Em setembro, o ministro Luiz Fux, do Supremo Tribunal Federal (STF), levou essa argumentação em conta e reverteu uma decisão do STJ que permitia a recuperação judicial de uma empresa sem certidão fiscal. Foi uma liminar e durou pouco. Acabou sendo suspensa pelo ministro Dias Toffoli, que assumiu a relatoria do caso com a ida de Fux para a presidência.
Entre uma decisão e outra, no entanto, o Tribunal do Paraná (TJ-PR), decidiu o tema. O julgamento ocorreu no Órgão Especial por meio de um incidente de arguição de inconstitucionalidade (processo nº 0048778-19.2019.8.16.0000).
No STJ, ainda não há notícias de que se esteja exigindo a certidão fiscal. Mas se vê um outro efeito da nova lei: a validação de decisões de juízes das varas de execução fiscal – o que também tem forte impacto sobre as empresas em recuperação.
Antes, nos casos de constrição de bens, a empresa recorria à Corte, por meio de conflito de competência, e os ministros invalidavam esses atos. Afirmavam que somente o juiz da recuperação judicial, na Justiça Estadual, poderia decidir sobre essas questões.
Essa discussão existe porque as dívidas fiscais não são tratadas na recuperação judicial. A cobrança é feita por meio de uma via própria – a execução fiscal. Ocorre que muitas das vezes há interferência do juízo universal. Isso é visto, por exemplo, nos casos em que a constrição pode prejudicar o plano de pagamento dos credores particulares ou pelo bem ser considerado essencial para o funcionamento da empresa.

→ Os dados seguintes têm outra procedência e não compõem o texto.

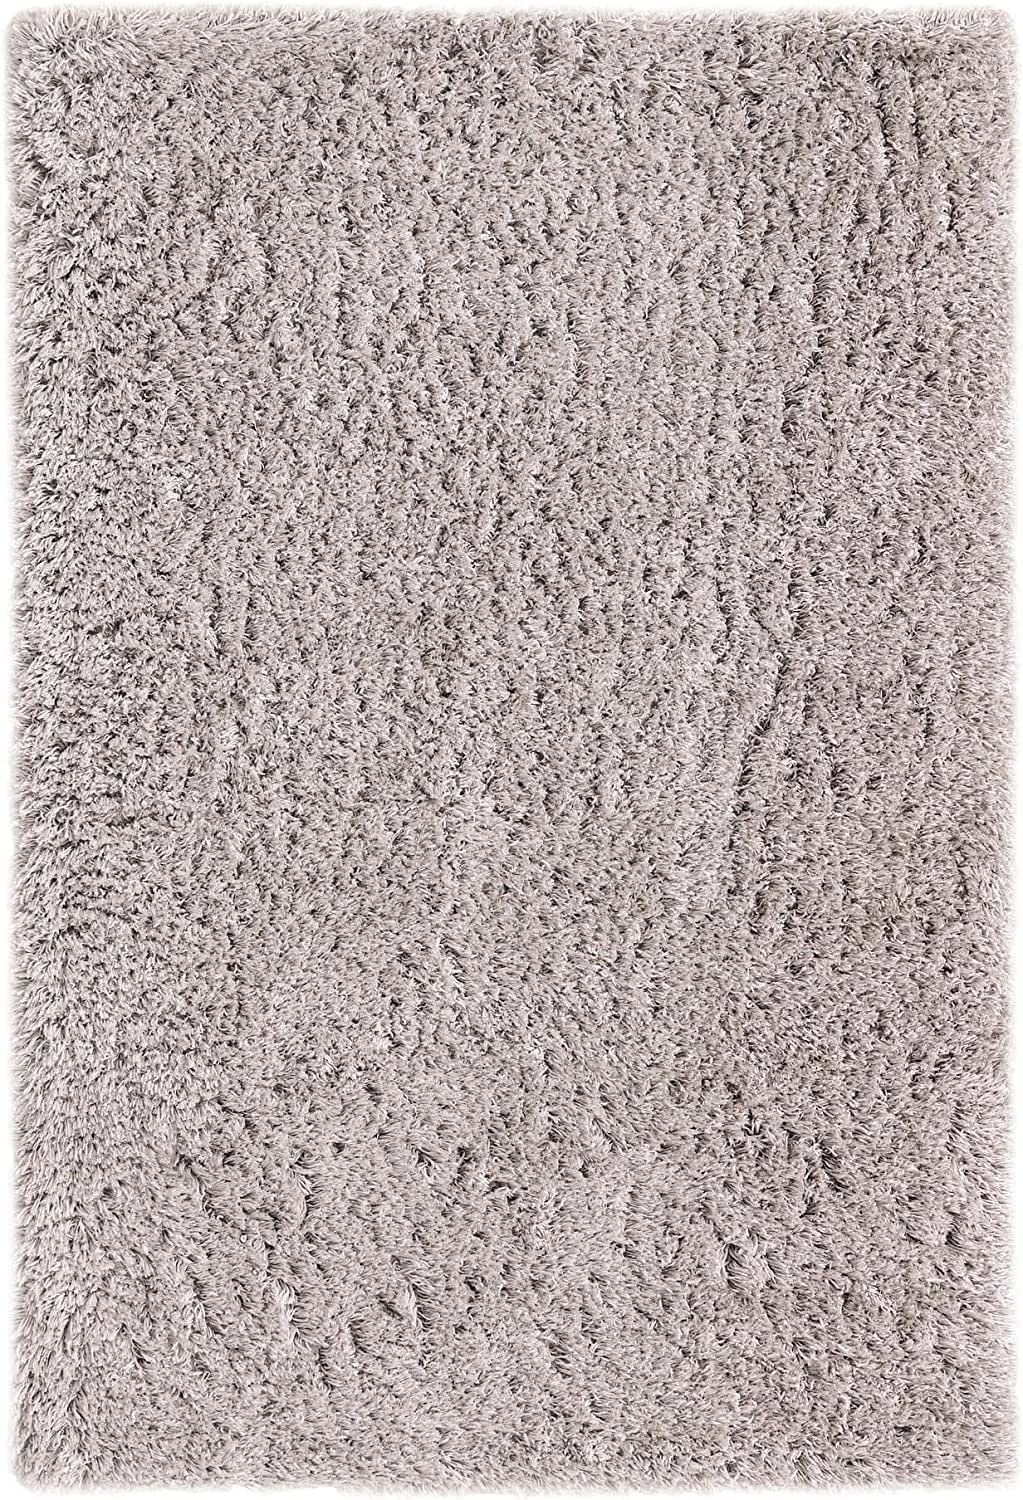 Rugs Infinity Collection Solid Shag Area Rug | Ubuy India In Ash Infinity Shag Rugs (View 5 of 15)

A nova lei, no entanto, trouxe um regramento específico sobre isso. O parágrafo 7-B do artigo 6º permite o andamento das execuções fiscais durante o processo de recuperação e determina que o juiz da recuperação só poderá liberar bens e valores considerados essenciais ao funcionamento da empresa se indicar outros bens e valores em substituição.
Os ministros têm levado esse dispositivo em conta para, agora, validar os atos da Justiça Federal. O que se tem, por enquanto, são decisões proferidas de forma monocrática. Uma delas, entre as mais recentes, é do ministro Antonio Carlos Ferreira (CC 182740). Há decisões semelhantes proferidas pela ministra Isabel Gallotti (CC 181335) e também pelo ministro Marco Aurélio Bellizze (CC 181302).
“A jurisprudência está se inclinando para reconhecer que não há conflito antes da necessária cooperação judicial entre o juiz da execução e da recuperação judicial”, diz o procurador Marcelo Kosminsky, chefe do Núcleo de Acompanhamento Especial da Procuradoria-Geral da Fazenda Nacional (PGFN) no STJ.
O procurador Filipe Aguiar, chefe de Defesa Nacional na 5ª Região, afirma que a Fazenda Nacional “busca a preservação da atividade empresarial viável e dos benefícios sociais dela decorrentes através do equacionamento do passivo, inclusive fiscal”.
Ele diz que “o risco de prosseguimento das execuções fiscais, se não houver negociação em curso, e no momento da homologação do plano de recuperação, com a exigência de regularidade fiscal, são relevantes incentivos para que se busque atingir esses objetivos, e inibem tentativas de fraude e de desvirtuação do instituto da recuperação judicial”.